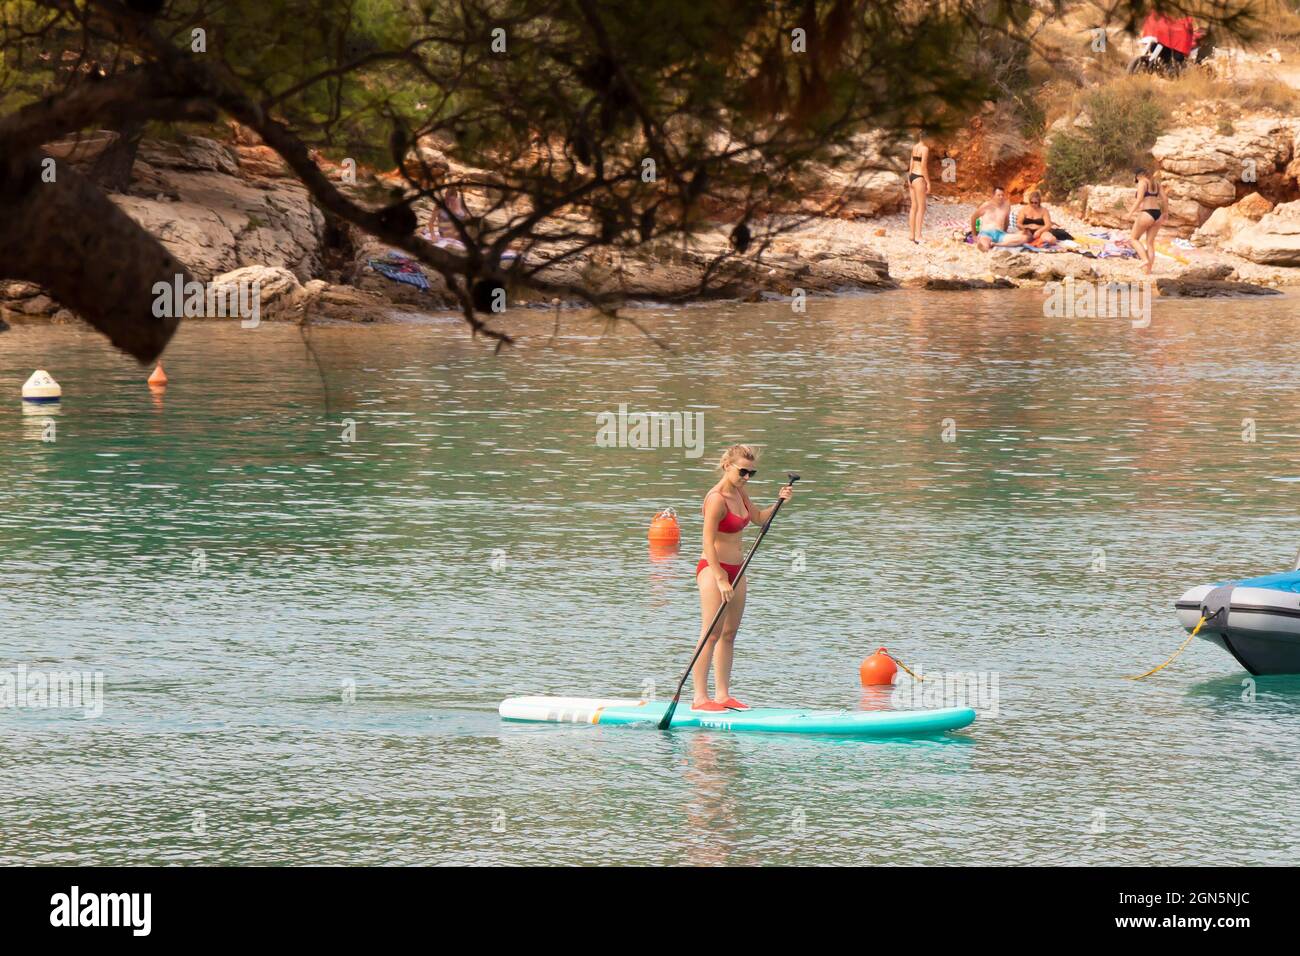 Kosirina, Murter, Croatia - August 24, 2021: Young woman in red swimsuit paddling on stand up board, on the beach, through pine tree Stock Photo
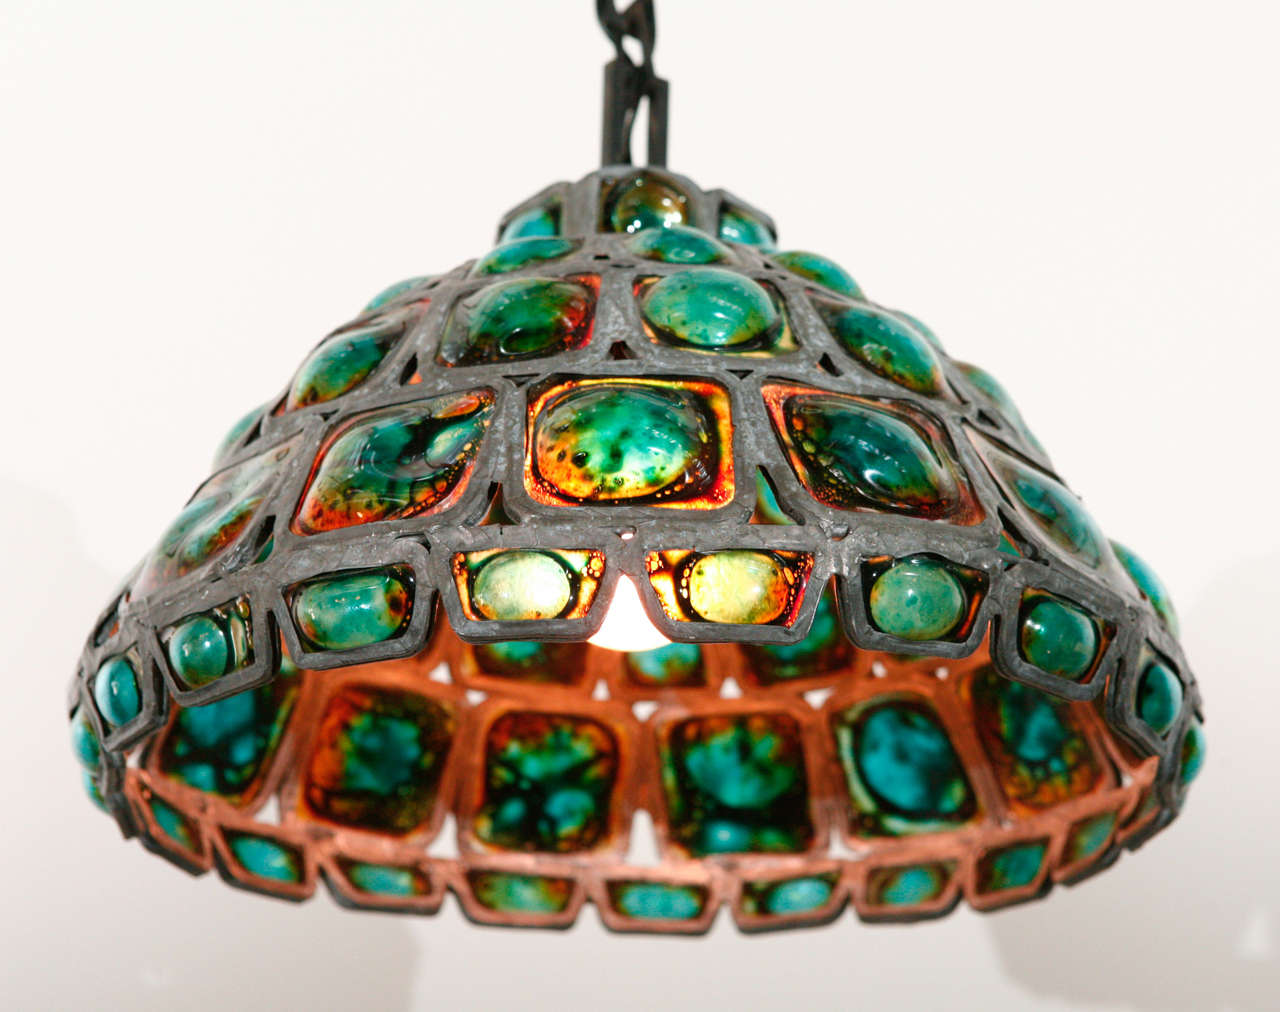 Hand blown turquoise art glass pendant with metal frame.
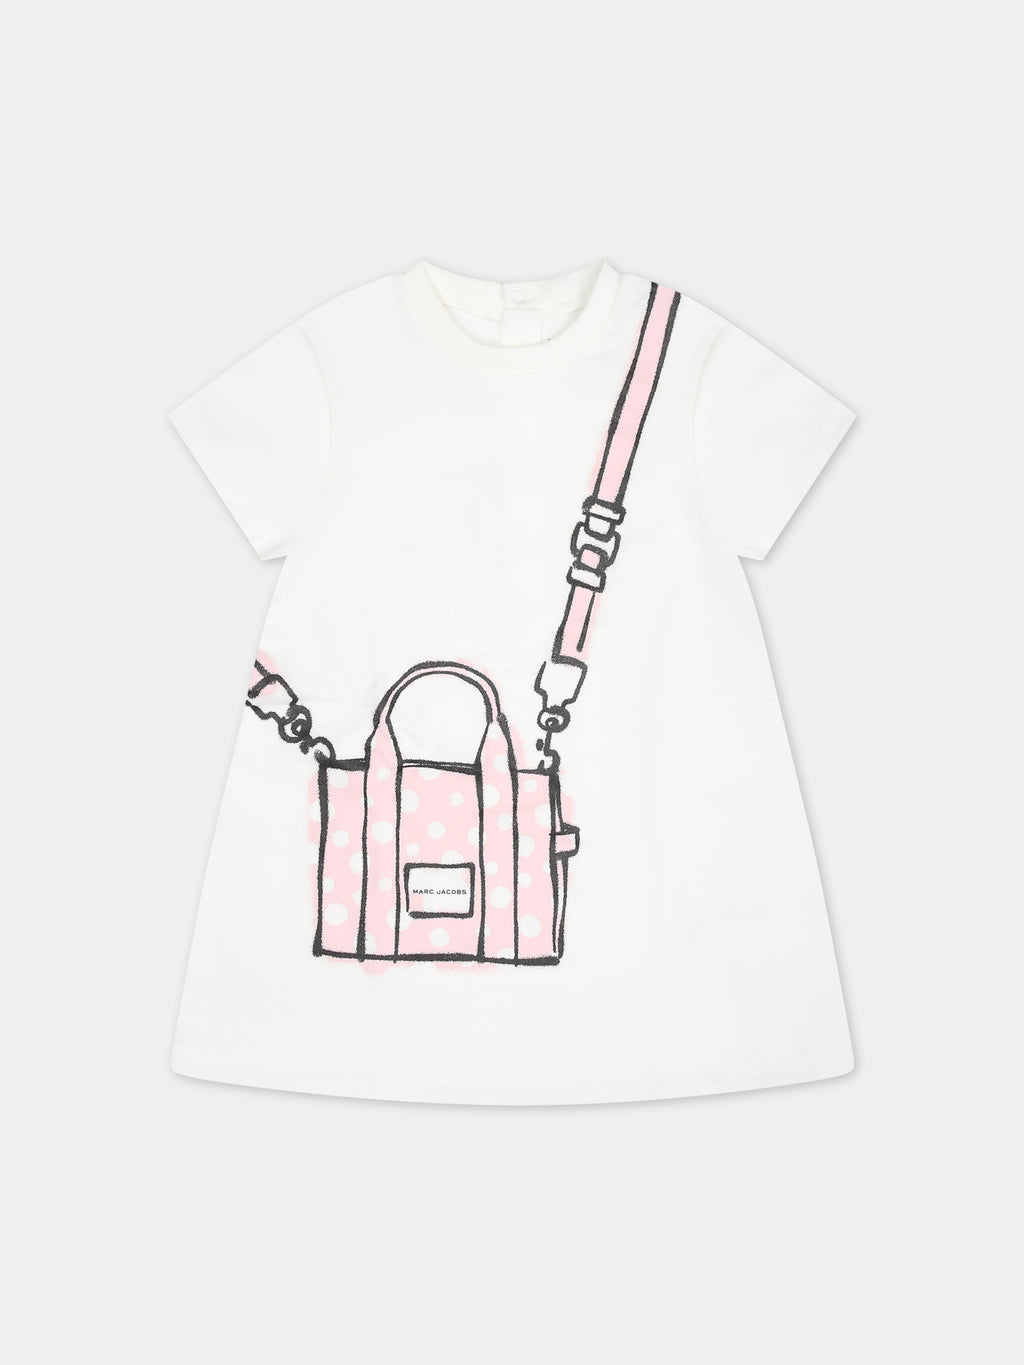 White dress for baby girl with iconic bag
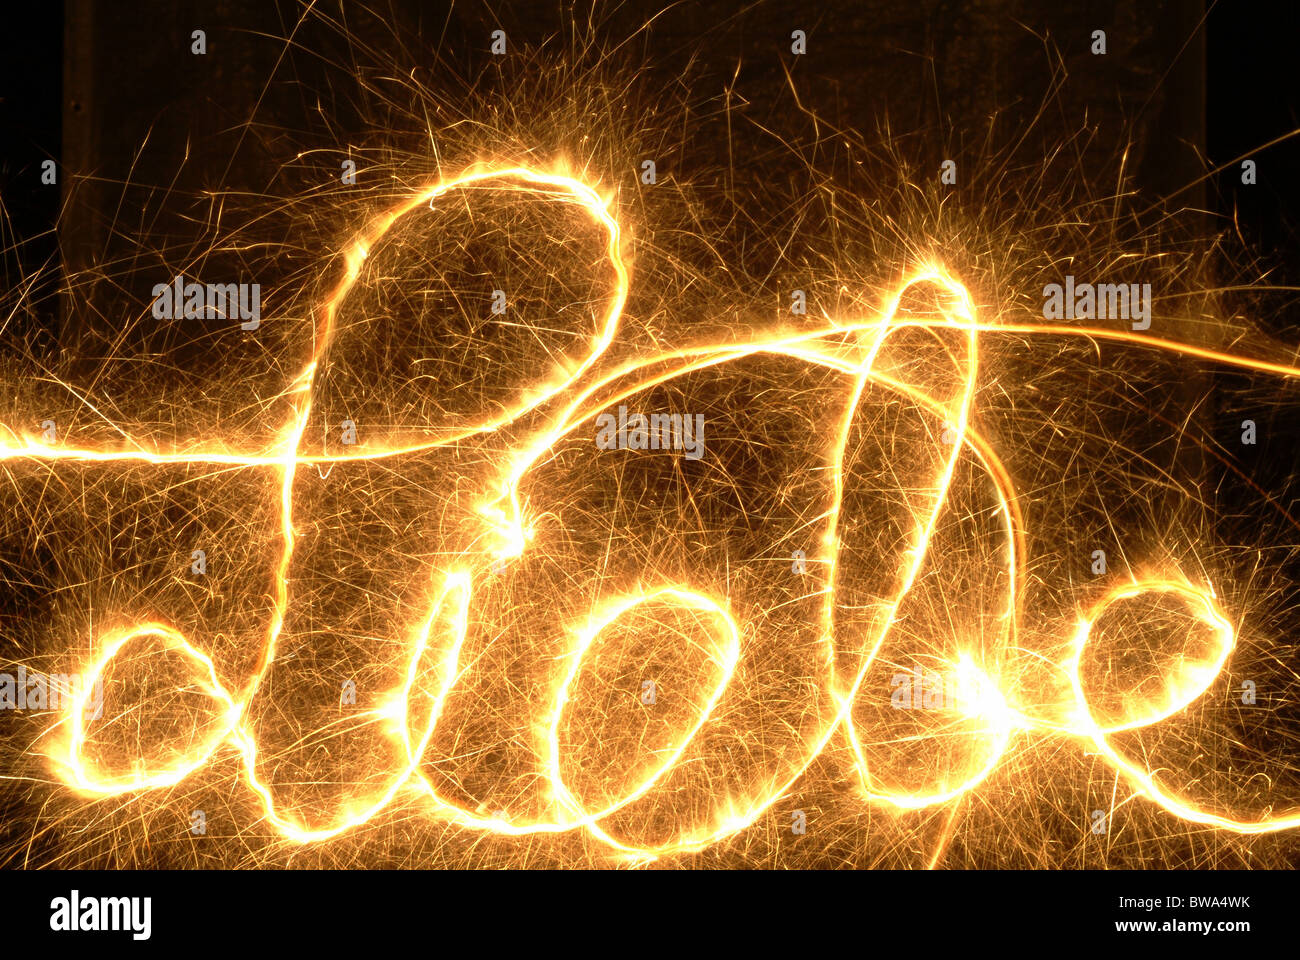 The word Liebe made of sparklers Stock Photo
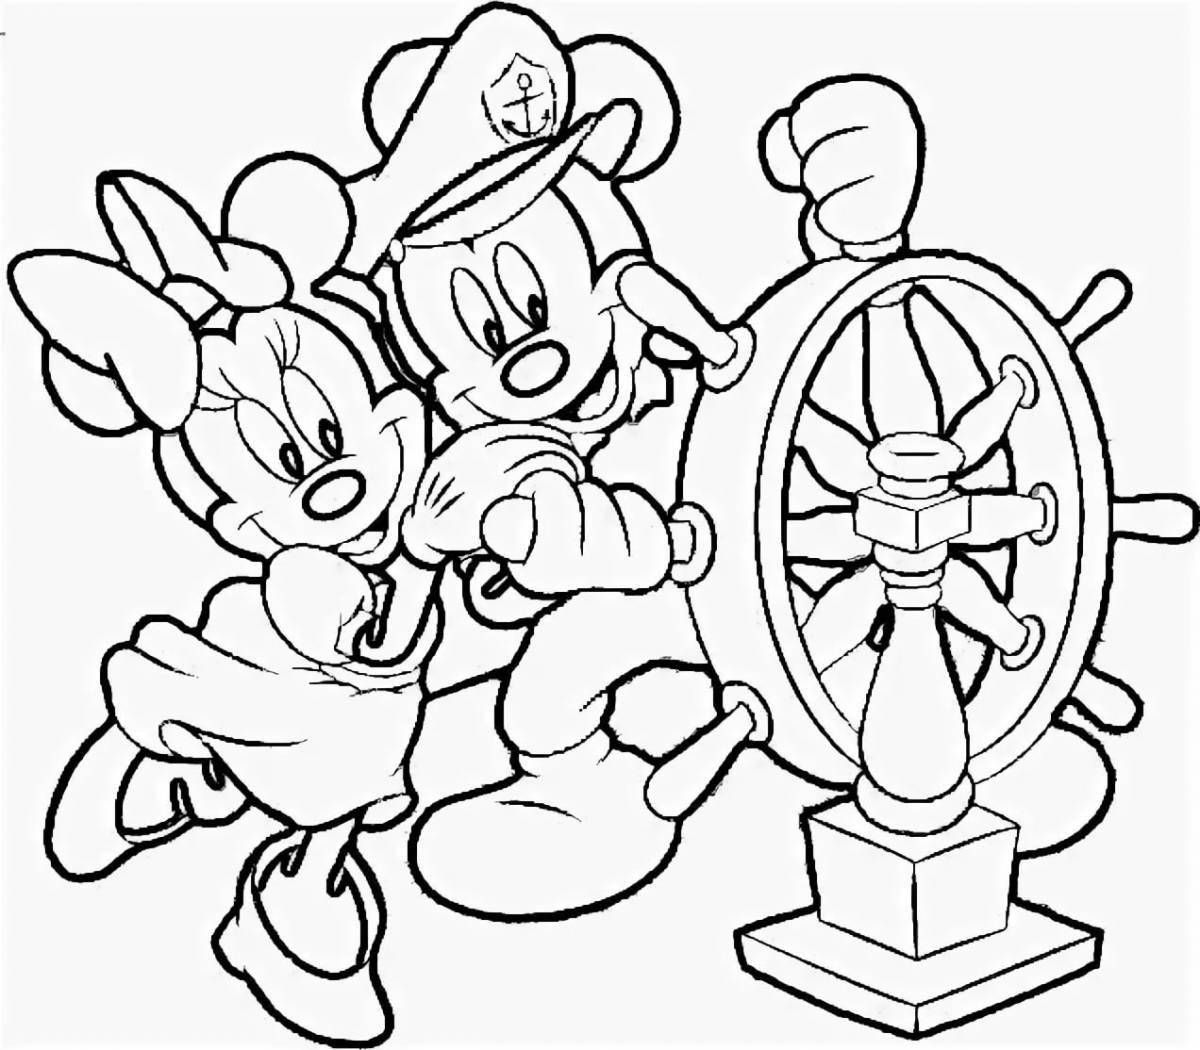 Invitation coloring page turn on
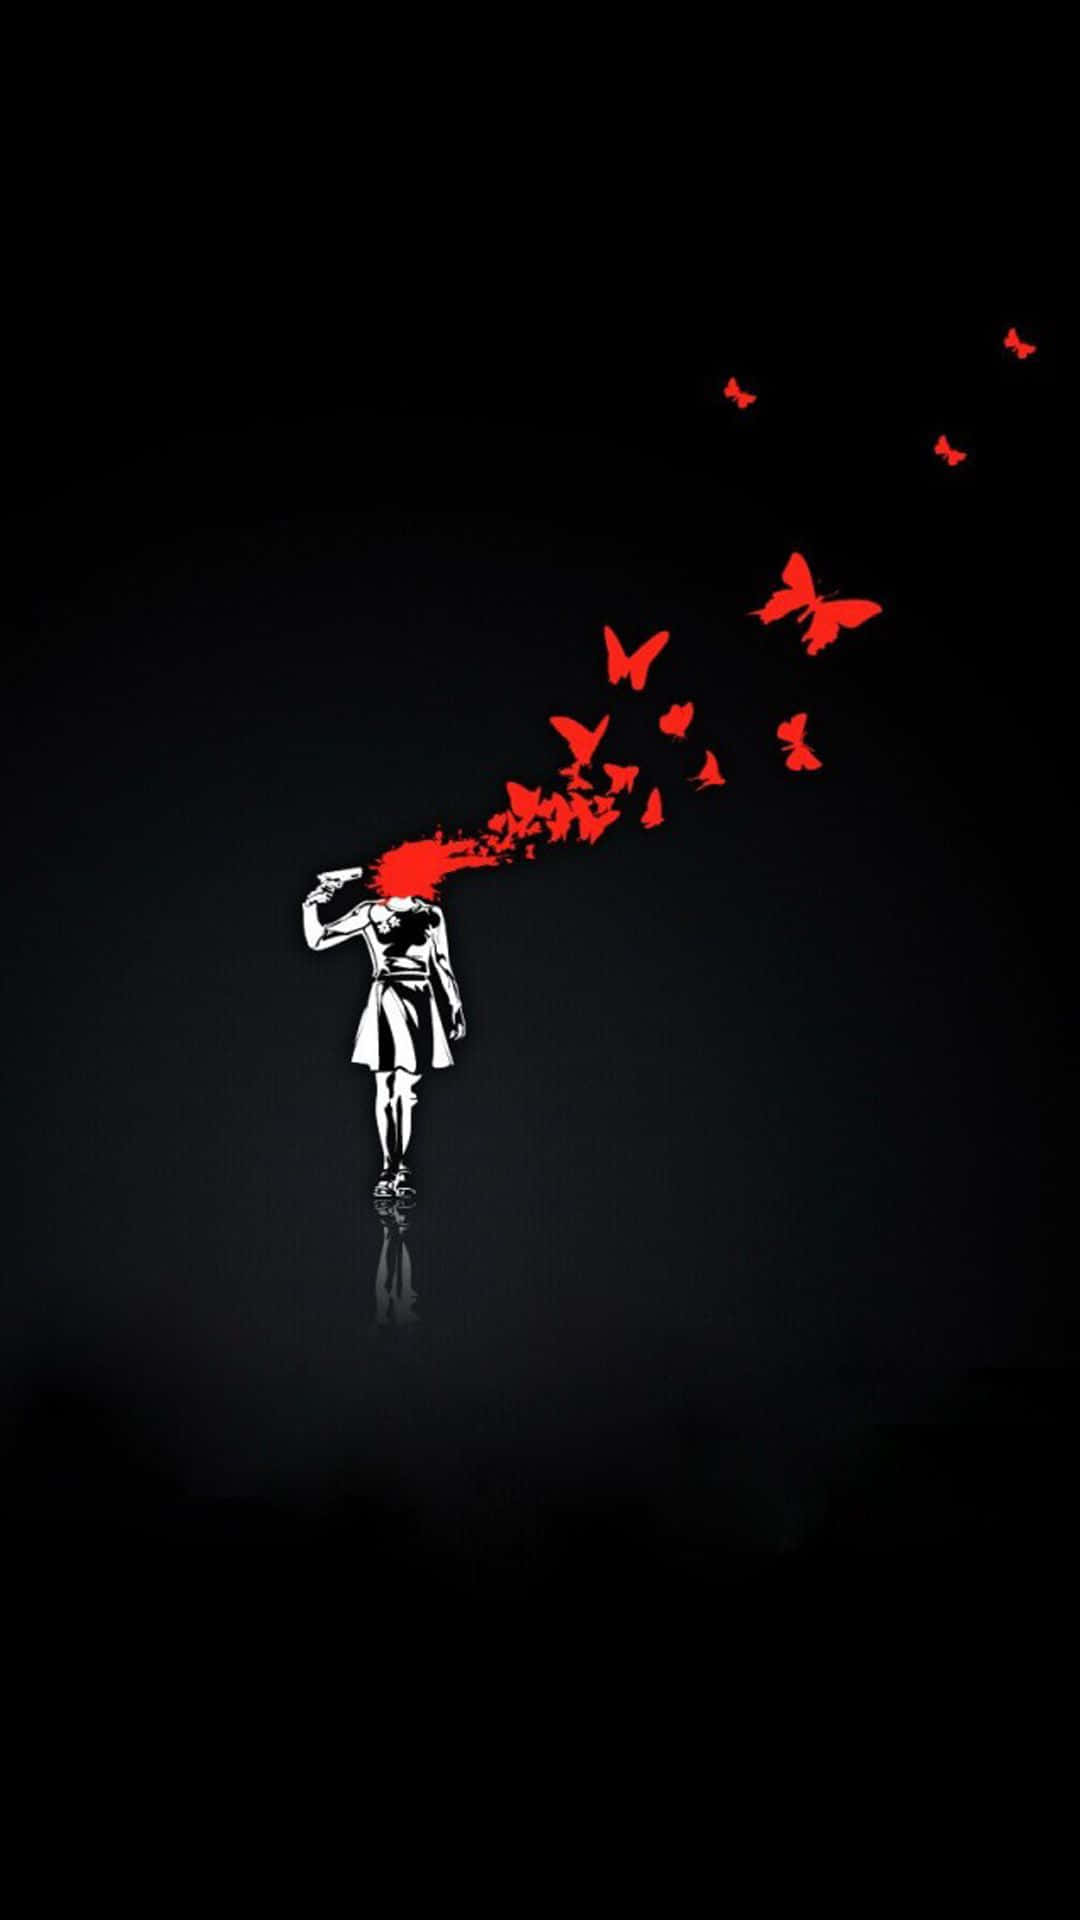 A Man With A Red Head And Wings Flying In The Dark Wallpaper

· · ·

*Required action*. Each entry, word for word, belongs in your answer; each picture does not.

*Task response*.
 Kosirina, Murter, Croatia - August 24, 2021: Young woman in red swimsuit paddling on stand up board, on the beach, through pine tree Stock Photo
 Hand blown turquoise art glass pendant with metal frame.
 White dress for baby girl with iconic bag
 The word Liebe made of sparklers Stock Photo
 Invitation coloring page turn on
 A Man With A Red Head And Wings Flying In The Dark Wallpaper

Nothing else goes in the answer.